As a result, the following formula is used as the overall power consumption $P_j$ on Core $j$ of speed $s_j$ with temperature $T_j$:

$$P_j = P_{dyn,j} + P_{sta,j} = \alpha s_j^2 + \Omega + \delta T_j. \quad (1)$$

In this paper, we would use (1) for the power consumption for Core $j$.

B. Thermal Model

We consider a multicore system, in which each core is a discrete thermal element. In the system, there is a set of heat sinks and heat spreaders, on top of the cores. We combine a heat sink and a heat spreader into a single unit as used in HotSpot model [20]. We still use heat sink to represent the combined unit. Those heat sinks generate no power, and are used only for heat dissipation. Heating or cooling is a complicated dynamic process depending on the physical system. We could approximately model this process by applying Fourier’s Law in which the thermal coefficients can be obtained by using the RC thermal model, such as the approaches in [8], [12]–[14]. The thermal model adopted in this paper is similar to the approaches in [8], [12]–[14].

We define $M$ and $H$ as the set of the cores and sinks in the multicore system respectively. We assign ID for each core and sink by denoting $M = \{1, 2, \ldots, n_c\}$ and $H = \{n_c + 1, n_c + 2, \ldots, n_c + n_s\}$. We define $C_j$ as the thermal capacitance and $R_{j,\ell}$ as the thermal conductance for any $j, \ell \in M \cup H$. We also define $T_j(t)$ as the temperature at time $t$ for any $j \in M \cup H$. We denote $T_0$ the ambient temperature, which is assumed to be constant. We also define $R_{j,0}$ as the thermal conductance between any core/sink and the ambient. We assume $R_{j,0} = 0$ for any $j \in M$.
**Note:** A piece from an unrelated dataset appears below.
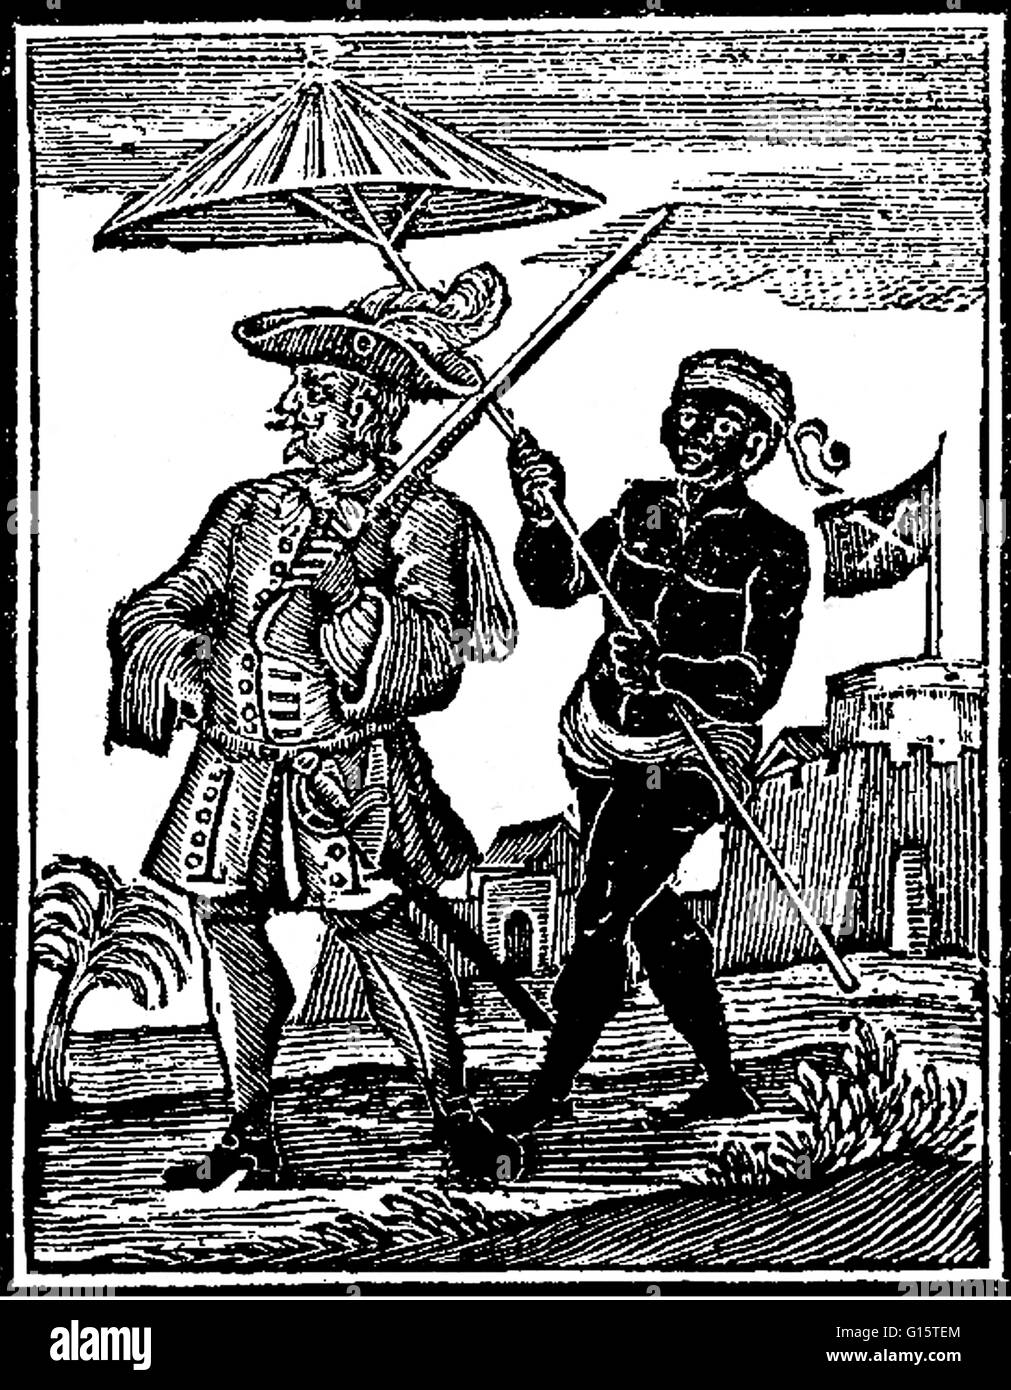 Henry Every (August 23, 1659 - after 1696) was an English pirate who operated in the Atlantic and Indian Oceans in the mid-1690s. He was one of the few major pirate captains to retire with his loot without being arrested or killed in battle. He was one of Stock Photo

We also define $P_j(t)$ as the power consumption for $j \in M \cup H$ at time $t$, where $P_j(t) = 0$ for $j \in H$. Informally, the rate of change in the temperature on a core is proportional to the power consumption times the quantity of the heating coefficient minus the cooling coefficients times the quantity of the temperature gradients among the core, its neighboring cores, and its heat sinks. The heating/cooling process by Fourier’s Law can be formulated as

$$C_j \frac{dT_j(t)}{dt} = P_j(t) - R_{j,0}[T_j(t) - T_0] - \sum_{\ell \in M \cup H} R_{j,\ell}[T_j(t) - T_\ell(t)]. \quad (2)$$

We assume Core $j$ runs at the constant speed $s_j$ which is independent of time $t$. We can simplify (2) as

$$C_j \frac{dT_j(t)}{dt} = P_j(t) - R_{j,0}[T_j(t) - T_0] - \sum_{\ell \in M \cup H} R_{j,\ell}[T_j(t) - T_\ell(t)]. \quad (2)$$

where

$$C = \text{diag}(C_1, \ldots, C_n_c, C_{n_c+1}, \ldots, C_{n_c+n_s}), \quad (4)$$

$$T = (T_1, \ldots, T_{n_c}, T_{n_c+1}, \ldots, T_{n_c+n_s})^T, \quad (5)$$

$$B = (\Omega_1, \ldots, \Omega_n_c, R_{n_c+1,0}T_0, \ldots, R_{n_c+n_s,0}T_0)^T, \quad (6)$$

$$D = \alpha \cdot (s_1^2, \ldots, s_{n_c}^2, 0, \ldots, 0)^T, \quad (7)$$

$$A_{j,\ell} = \begin{cases} -\delta + R_{j,0} & \text{if } \ell = j \\ -R_{j,\ell} & \text{otherwise} \end{cases}, \quad (8)$$

and (3) is multi-dimensional first-order linear differential equations with constant coefficients.
C. Thermal-Aware Lifetime Reliability Model

Many lifetime reliability models have been proposed in the literature. This paper focuses on reliability issues due to thermal effects, in which mechanical failures and faults are not considered in this paper. For thermal-aware reliability, an electro-migration interconnection lifetime reliability model was proposed in [21], [22]. Srinivasan et al. [23] presented an application-aware architecture-level model to evaluate processors’ lifetime reliability. Two analytical frameworks for the lifetime reliability of multicore systems were introduced in [24]: a cycle-accurate simulation methodology and a statistical one. A model for the lifetime reliability of homogeneous many-core systems was proposed in [25].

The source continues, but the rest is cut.